Иветт диктует ему номер дядиного мобильного и уточняет, что он — предприниматель, связан со строительством и сейчас находится в Польше на торговой выставке. Потом кладет трубку и восклицает:
— Вот еще! Ваш дядюшка был крестным этой Сони! Вы представляете?
Представляю ли я… Дядя был крестным отцом Сони. Странно, что он никогда не говорил мне об этом. Странно также, что все кругом связаны со второй жертвой, тогда как о первой никто ничего не знает. Да, такое впечатление, что об анонимной жертве все забыли. А если убийц двое? Если убийство Сони было «классическим» убийством из ревности, ненависти или из-за денег, а ее убийца просто воспользовался сложившимися обстоятельствами в надежде, что все спишут на безумного…
Но какое отношение ко всему этому имеет Вор? Думай, Элиз, заставь работать твои серые клеточки, как сказал бы Пуаро. Вор — влюбленный в меня психопат. Он распинает одну несчастную и дарит мне куски ее тела. Параллельно с этим кто-то убивает электродрелью Соню Овар. Жестокость, с которой совершены убийства, вроде бы, указывает на одного автора, поэтому второй убийца считает себя вне подозрений. Ну что же, эта гипотеза имеет право на существование. Но она ни в коей мере не объясняет мне ни кто такой Вор, ни кто этот имитатор.
Телефон!
Иветт, чье терпение явно на пределе:
— Алло! А, Франсина, здравствуйте… Да, я знаю… Увы, мы первыми узнали об этом… Я вам объясню… Что?… Ох! Какой ужас!… Да, конечно, до скорого.
Вешает трубку.
— Бригадир Шнабель приезжал в Центр, чтобы уточнить расписание Яна. Он был совершенно вне себя. Он сказал, что и представить невозможно, как это чудовище с его дрелью надругалось над бедной девочкой. Шнабель признался Франсине, что его чуть не стошнило, а ведь он прошел Алжир…

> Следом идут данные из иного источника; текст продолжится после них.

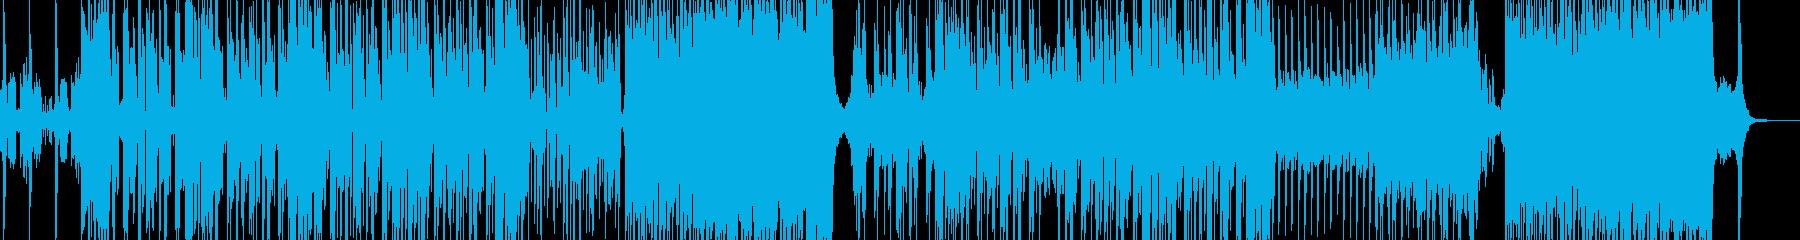 宇宙的なシンセの2ステップの再生済みの波形

Слава Богу, Иветт замолкает. Я была бы очень признательна, если бы она не пересказывала мне подробностей того, что выпало на долю Сони! Предпочитаю думать о чем угодно, кроме этого. Например, о Шнабеле. Предположим, в шестьдесят первом ему было восемнадцать лет, сейчас у нас твухтысячный год, значит, ему лет пятьдесят семь. Не очень-то, наверно, весело ему быть под началом у совсем молоденького парнишки.